Blog

MoU Penguatan Referral Sistem Dinas UPTD PPA Sulawesi Tengah

Yayasan Pusat Kajian perlindungan Anak (PKPA) bersama dengan staf Exchange Program JAGO NARI melakukan kunjungan ke Dinas UPTD PPA Sulawesi Tengah pada tanggal 6 Januari 2024. Kunjungan ini bertujuan untuk melakukan penguatan Referral System dalam membantu penanganan kasus di Kota Palu sekaligus menyerahkan draft MoU yang telah disusun di bulan Desember lalu. Penyusunan MoU ini merupakan bagian dari Program Stopping Cyber Crime Against Children: More Safety and Protection on The Internet atau yang biasa disebut Global Program (GP) yang didukung oleh KNH German dan didanai oleh Kementrian German.

Kunjungan tersebut dihadiri oleh Staf PKPA Kota Palu yaitu Laju Wardi, Rezky Amalia dan Pricilia, staff dari UPTD PPA yaitu Bapak Muhlizar, ibu Zulfikar dan Kepala UPT PPA Ibu Patricia. Kunjungan kali ini juga dihadiri oleh staf Exchange Program Jago Nari yaitu Al Mamun dan Ballov Sorker.

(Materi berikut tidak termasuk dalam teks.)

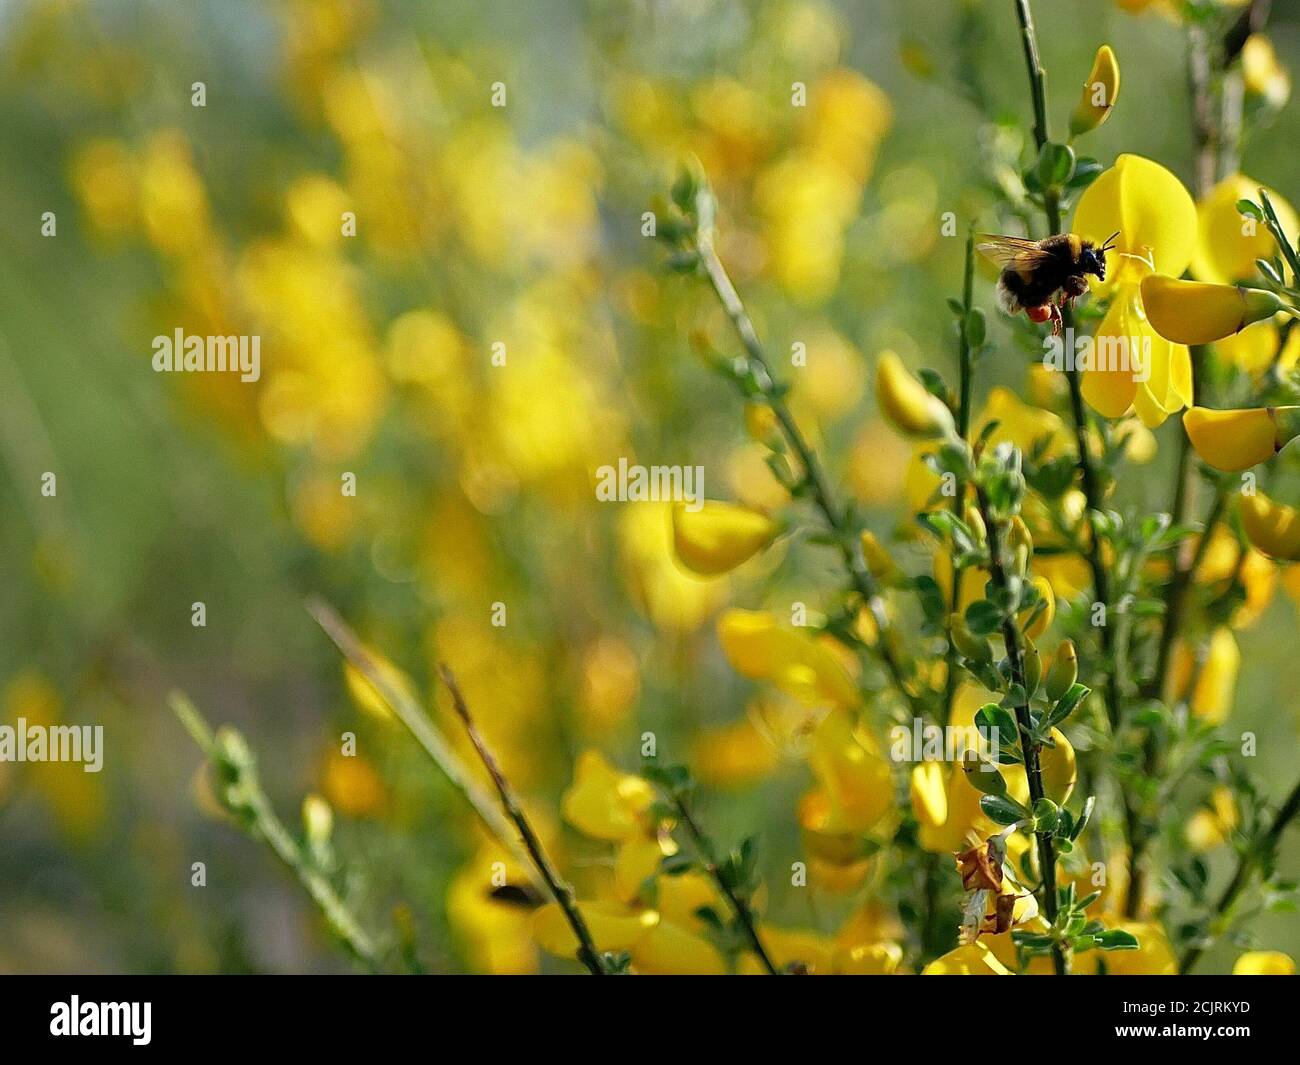 Biene an einer Blüte. Gelb und Grün gemischtes Bild. Stock Photo

Laju Wardi selaku Koordinator Program KNH GP di kota palu menyampaikan sekaligus memperkenalkan bahwa kunjungan kali ini membawa staf pertukaran yang nantinya akan berkegiatan bersama dan juga menjelaskan mengenai kerja sama antara pihak UPTD PPA Sulawesi Tengah dengan yayasan PKPA Sulawesi Tengah. “Saat ini kami berkegiatan bersama teman-teman dari Jago Nari team dan harapannya akan ada masukkan dimana tujuannya sama-sama dapat membantu UPTD PPA dalam penangan kasus. Jelas beliau.

Ibu Patricia selaku kepala UPTD PPA menambahkan “Kami sangat senang dengan semua program dari yayasan PKPA, dan sekarang pun kami juga kedatangan tamu dari Banglades maka saya berharap akan ada cerita yang bisa dibagikan terkait alur pelaporan kasus, jenis kasus yang  banyak terjadi, dan cara mereka dalam penangan kasus itu sendiri”. Papar beliau.

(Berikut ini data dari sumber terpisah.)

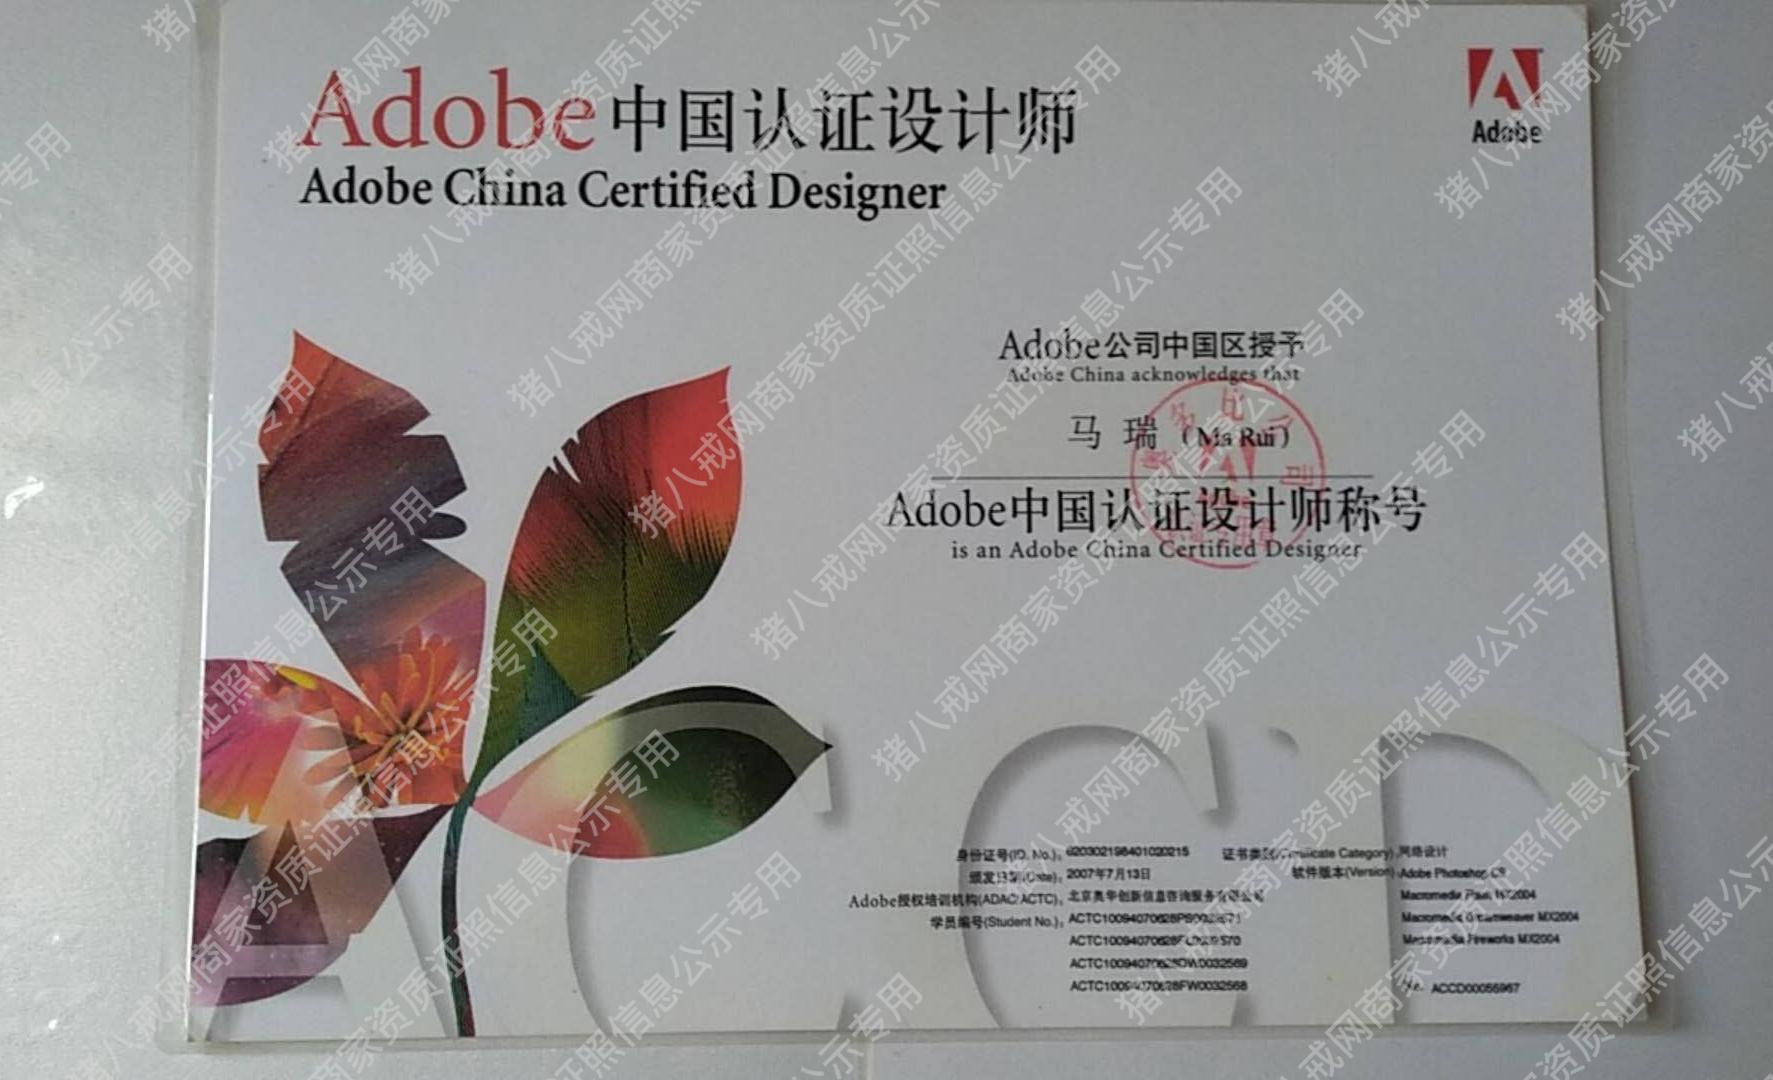 Adobe中国认证设计师

Staf Exchange Program JAGO NARI yang menghadiri kunjungan ini kebetulan juga sangat concern terhadap isu-isu pemenuhan hak perempuan, perlindungan dan pemberdayaan perempuan. Ibu Patricia menyampaikan “Saat ini kami di kota Palu sendiri paling banyak menangani kasus kekerasan dalam rumah tangga yang berdampak pada perceraian, penelantaran anak dan juga perebutan hak asuh anak yang berdampak pada kondisi psikologis sang anak, saat ini juga sangat marak terjadi kasus porstitusi online dengan media MeChat dimana pelaku maupun korbannya tak jarang masih berusia Anak.” Jelas beliau.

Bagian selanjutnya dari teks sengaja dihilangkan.